STORED DATA

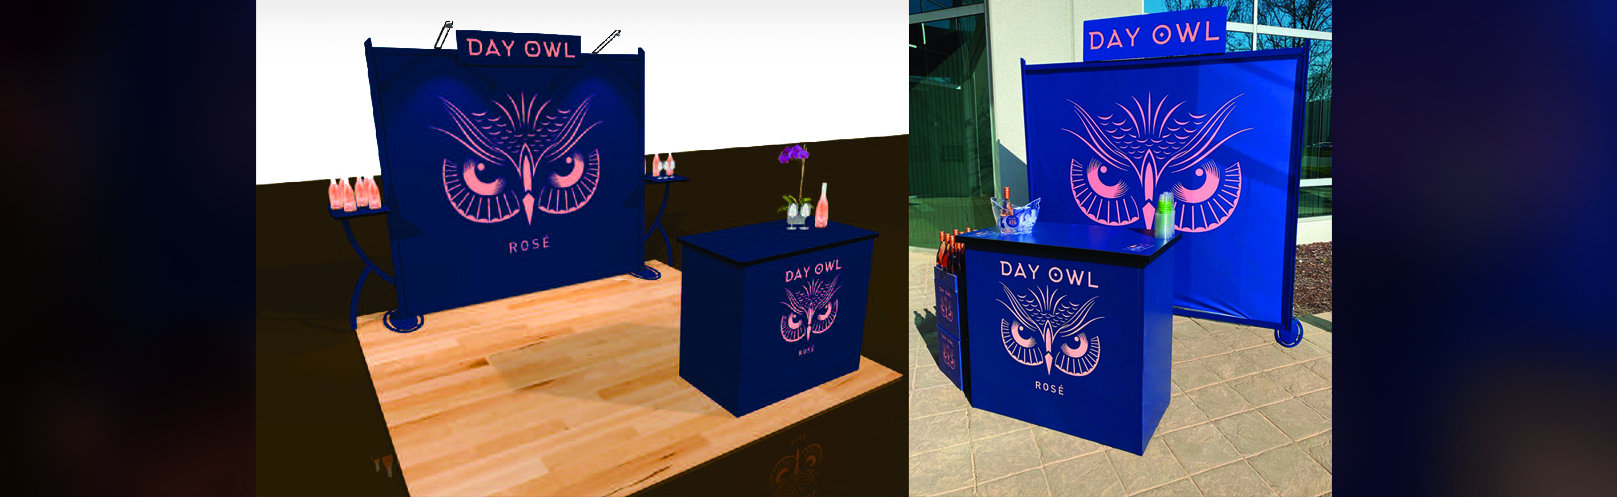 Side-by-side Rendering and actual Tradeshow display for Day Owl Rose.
==
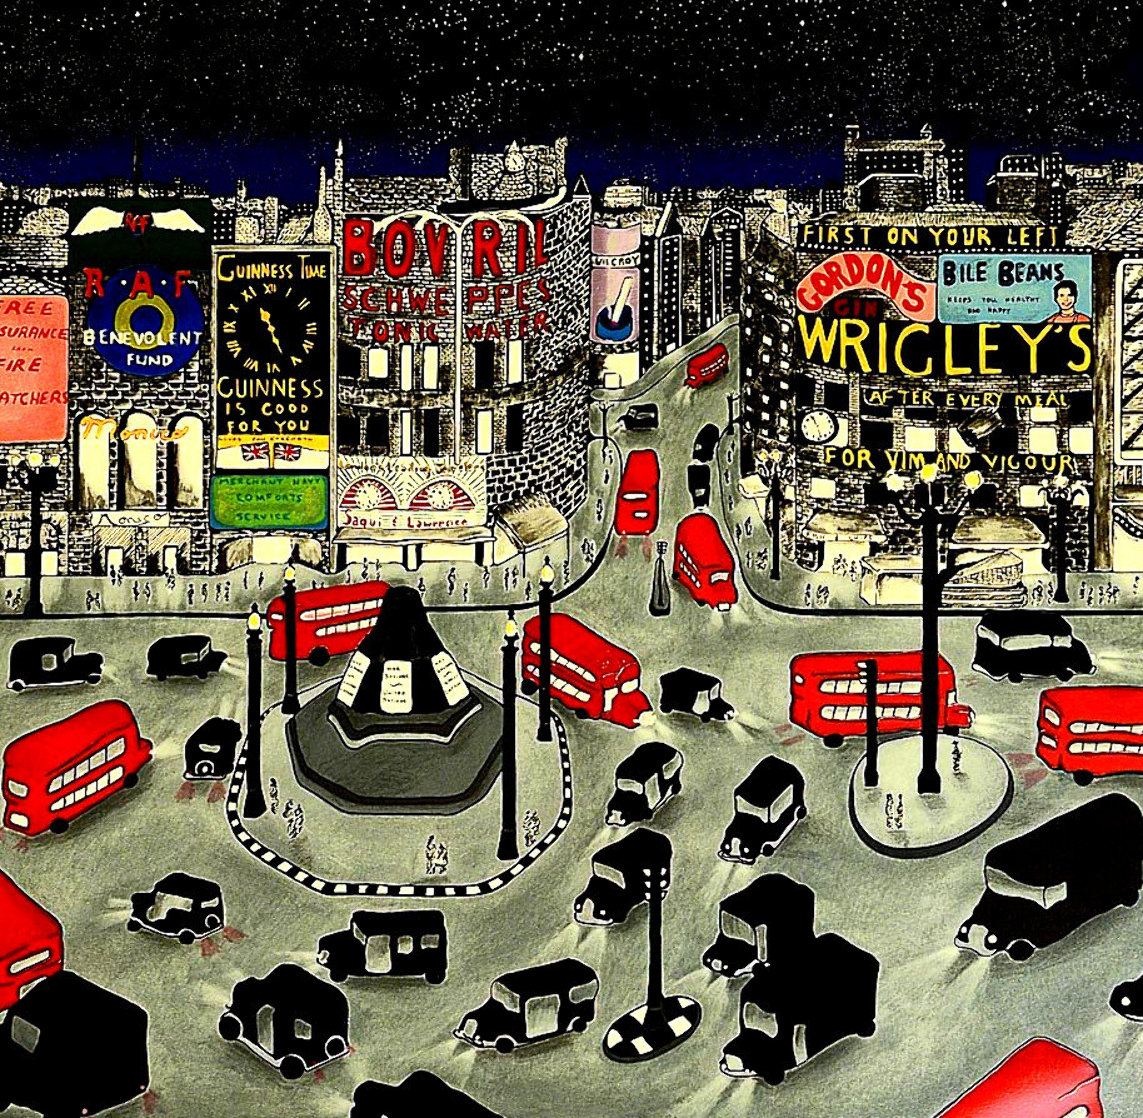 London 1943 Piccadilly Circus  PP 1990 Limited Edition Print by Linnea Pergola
--
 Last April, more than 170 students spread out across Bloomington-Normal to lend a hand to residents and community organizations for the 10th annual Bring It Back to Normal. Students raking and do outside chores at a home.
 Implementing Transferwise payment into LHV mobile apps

PROBLEM REQUIREMENTS
In the data above, find the line with "Last April, more" and the line with "Implementing Transferwise payment". Retype both, plus every line between them, exactly.

SOLUTION TO THIS TASK
 Last April, more than 170 students spread out across Bloomington-Normal to lend a hand to residents and community organizations for the 10th annual Bring It Back to Normal. Students raking and do outside chores at a home.
 Implementing Transferwise payment into LHV mobile apps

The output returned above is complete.